- _REQUIRED ACTION_
In the records below, repeat exactly the lines between the line holding "Standard Abrasives™ Buff" and the line holding "in x 8 in FB119 23-11 HD A MED, 3 ea/Case", inclusive, and drop the pictures.

- _GIVEN DATA_

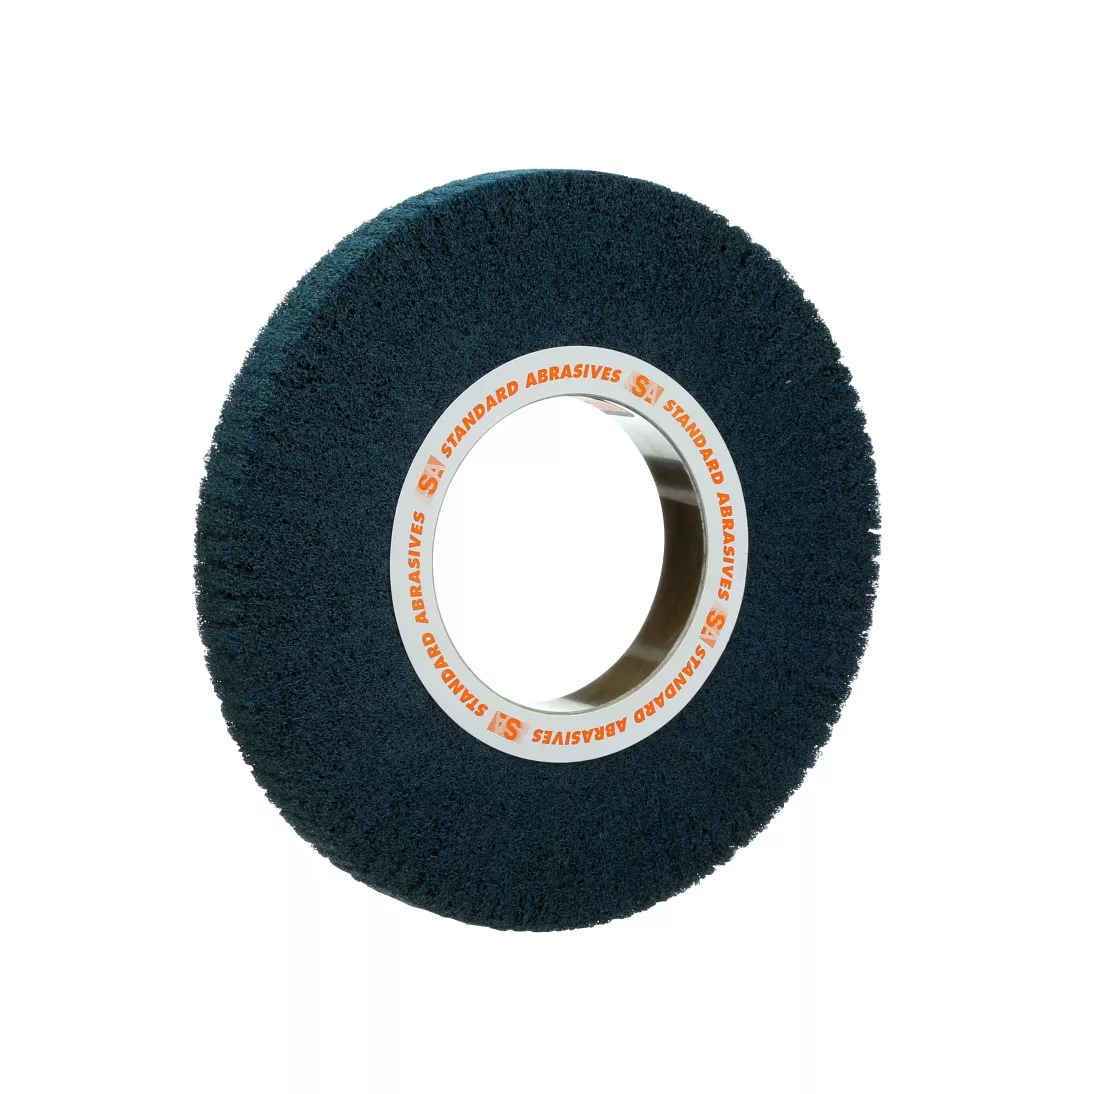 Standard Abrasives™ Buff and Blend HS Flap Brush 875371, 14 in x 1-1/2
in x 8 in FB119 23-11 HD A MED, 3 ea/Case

...

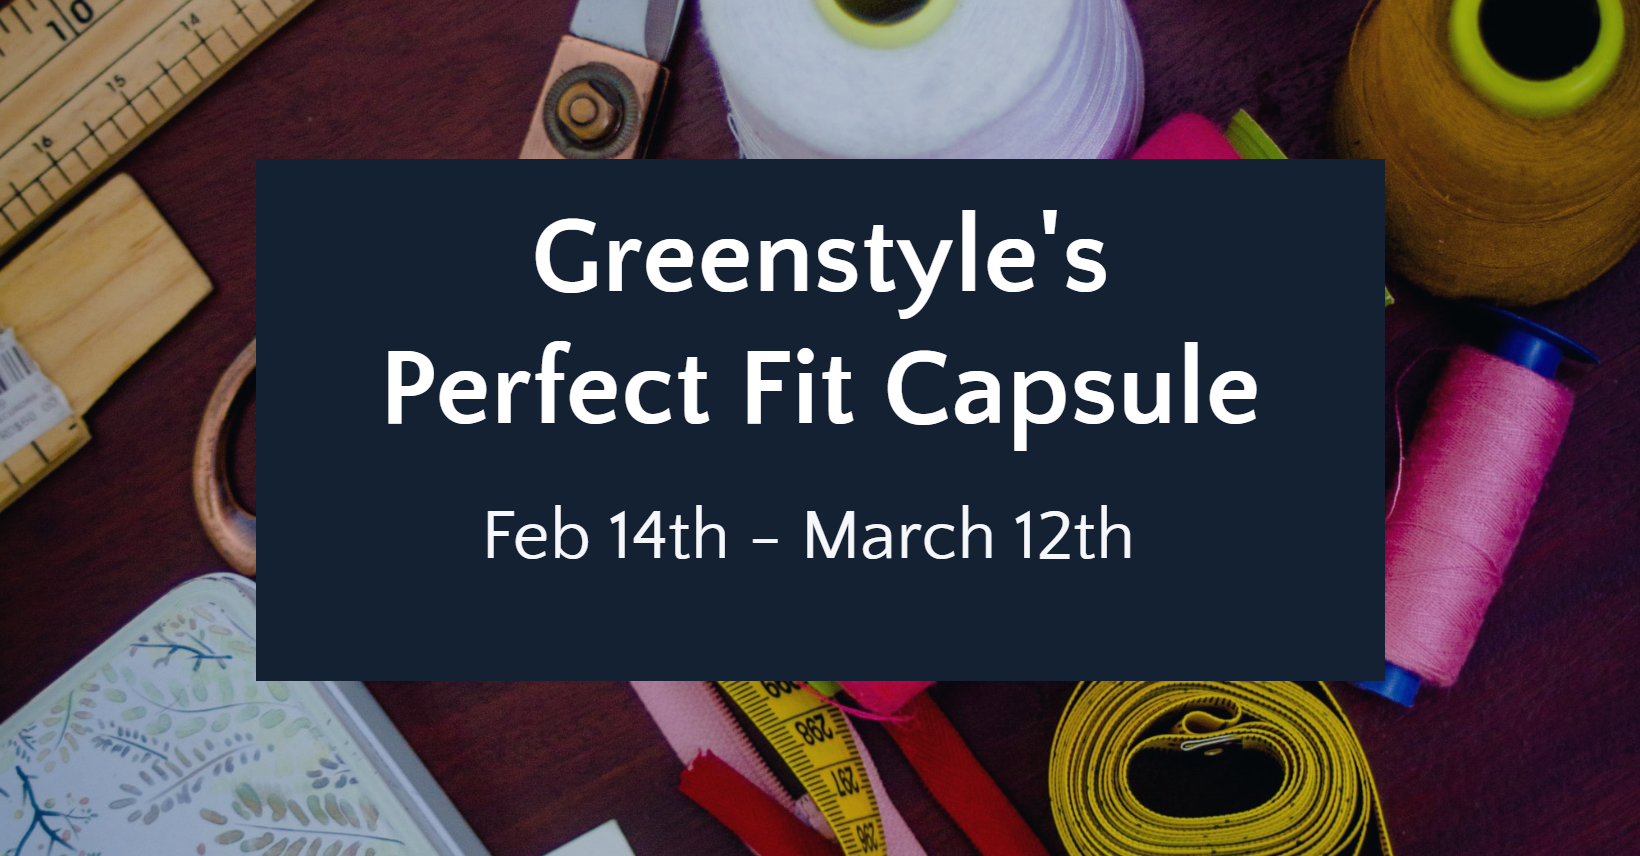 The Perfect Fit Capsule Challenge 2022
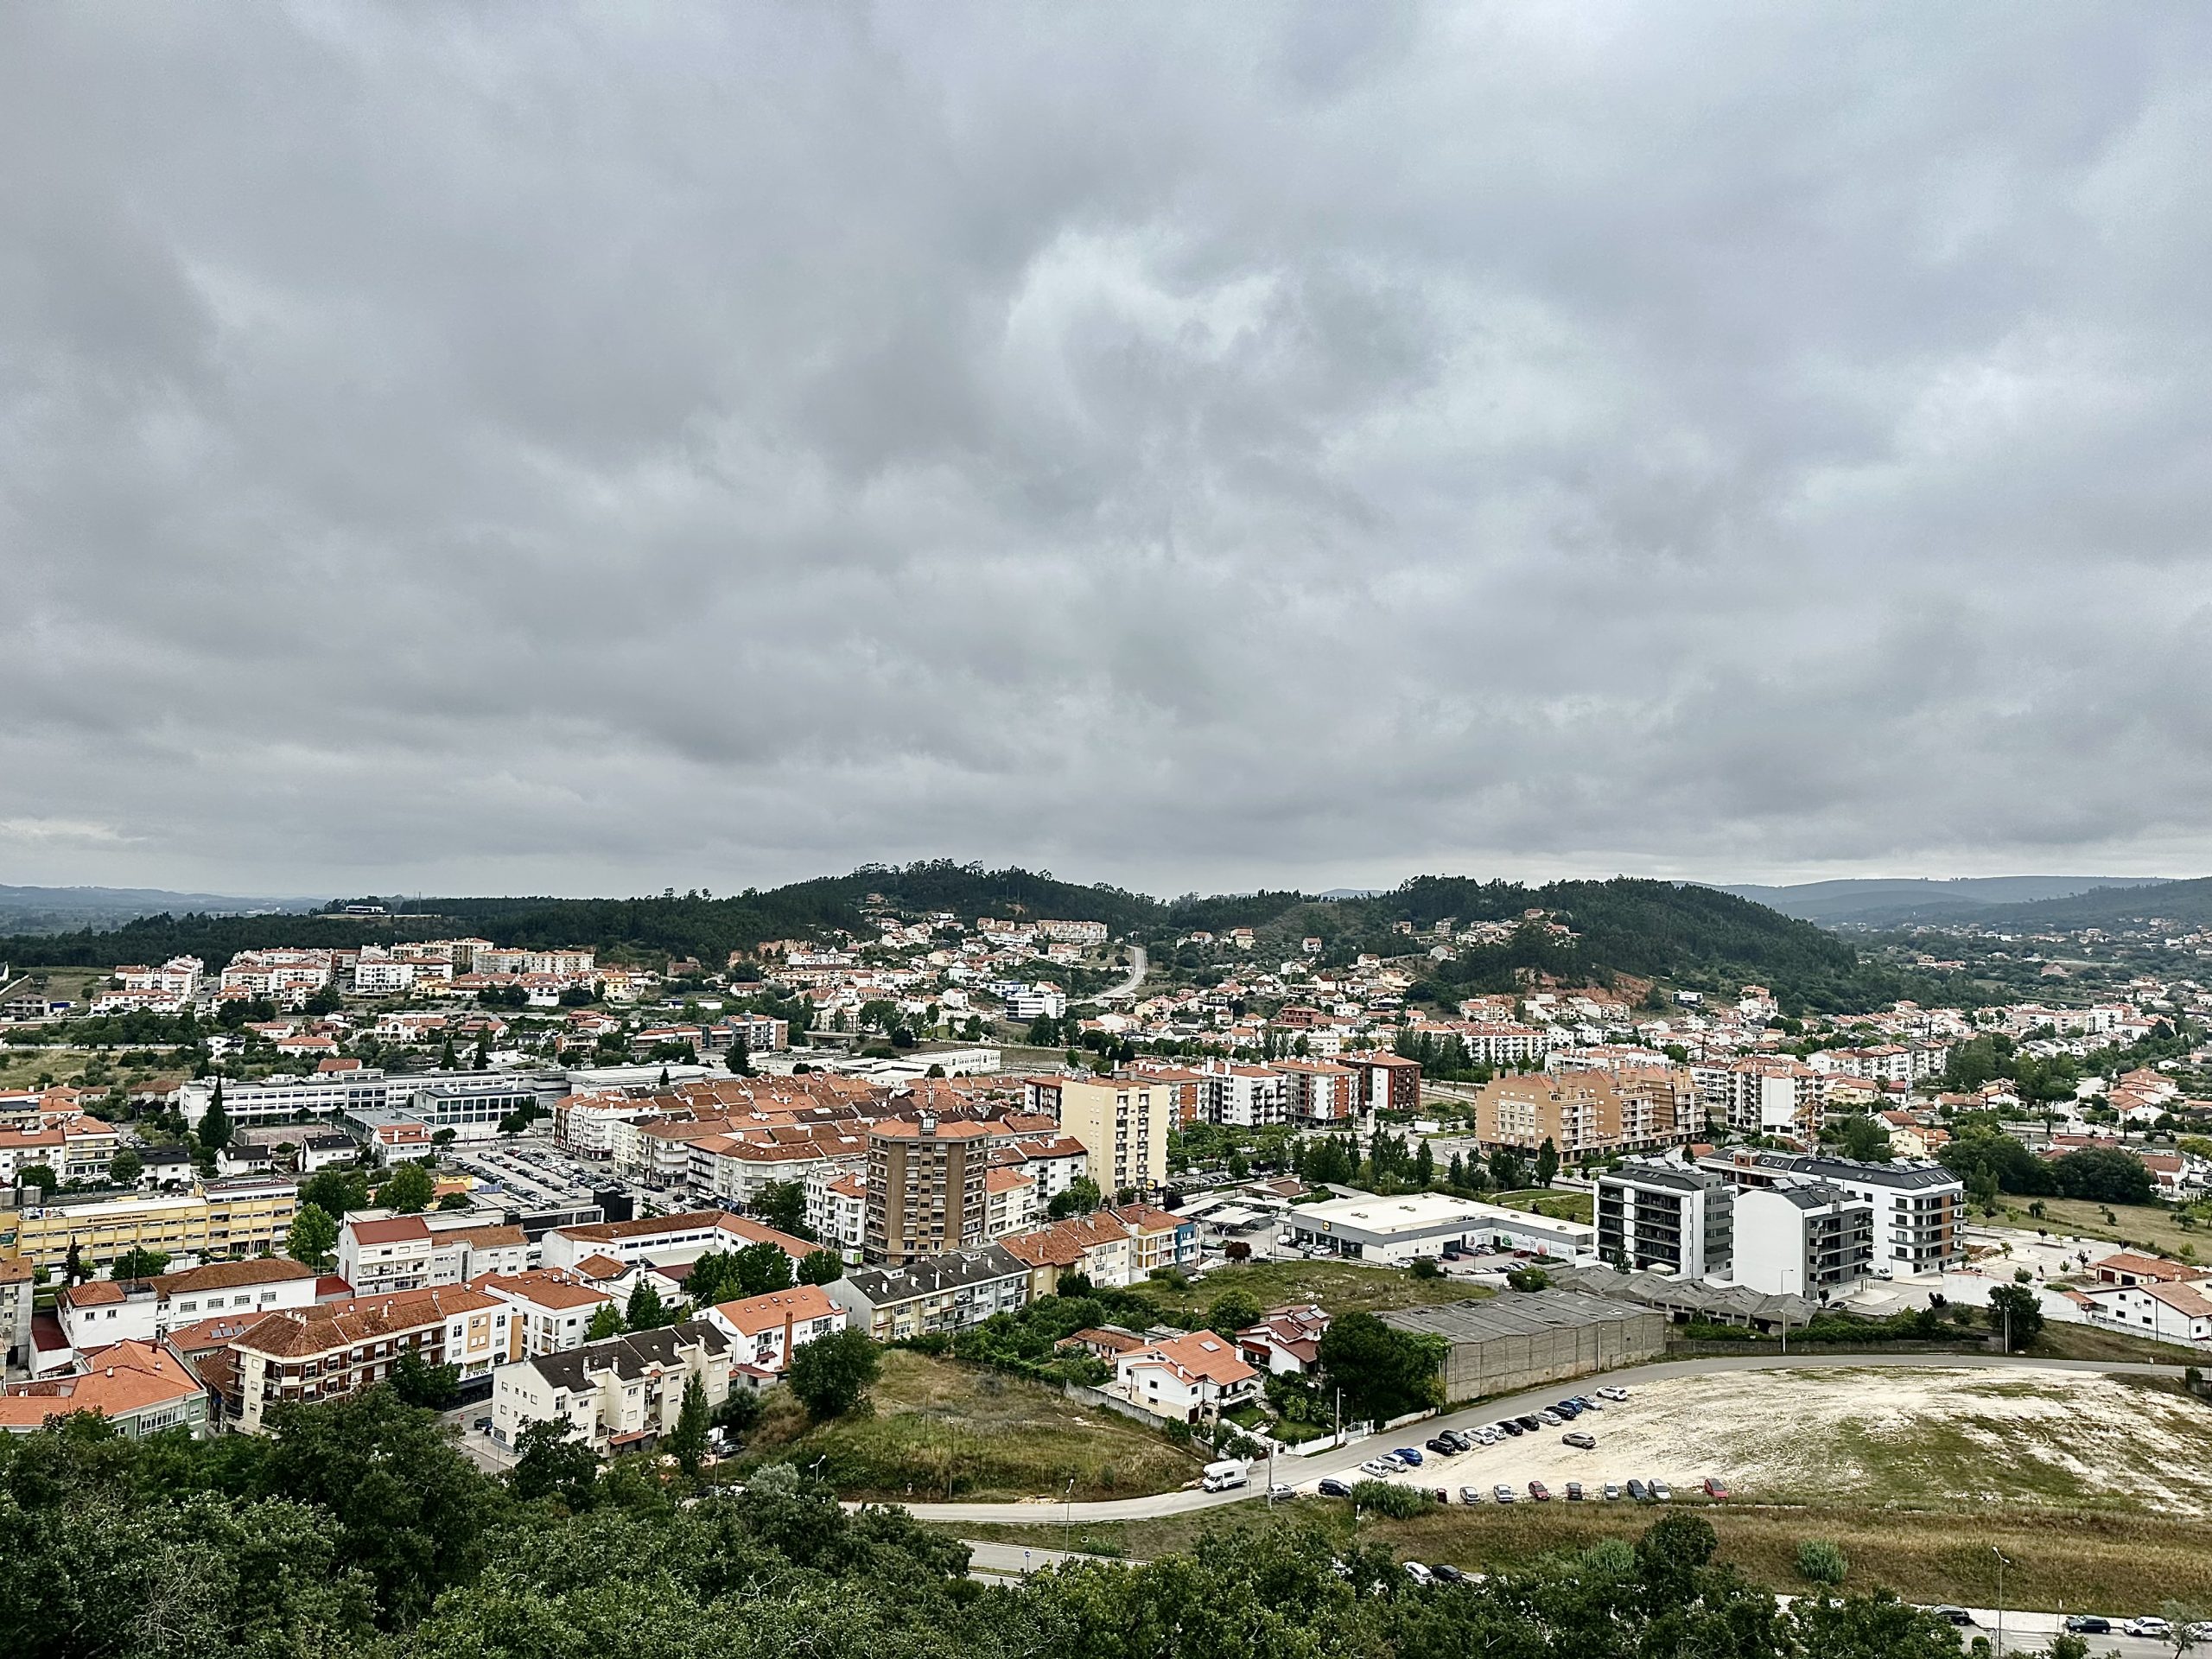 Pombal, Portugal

==

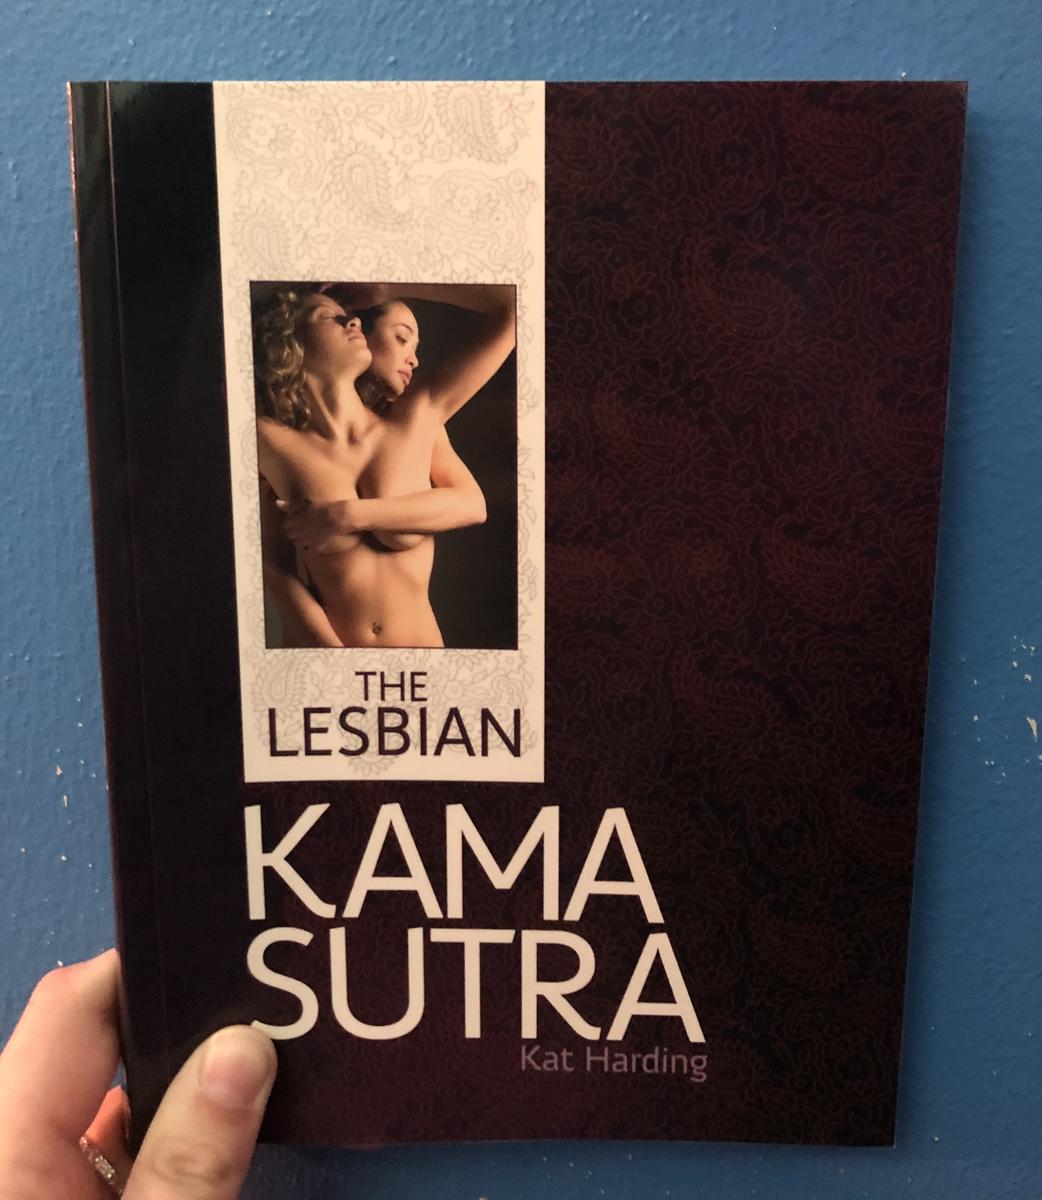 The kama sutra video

- _EXPECTED ANSWER_
 Standard Abrasives™ Buff and Blend HS Flap Brush 875371, 14 in x 1-1/2
in x 8 in FB119 23-11 HD A MED, 3 ea/Case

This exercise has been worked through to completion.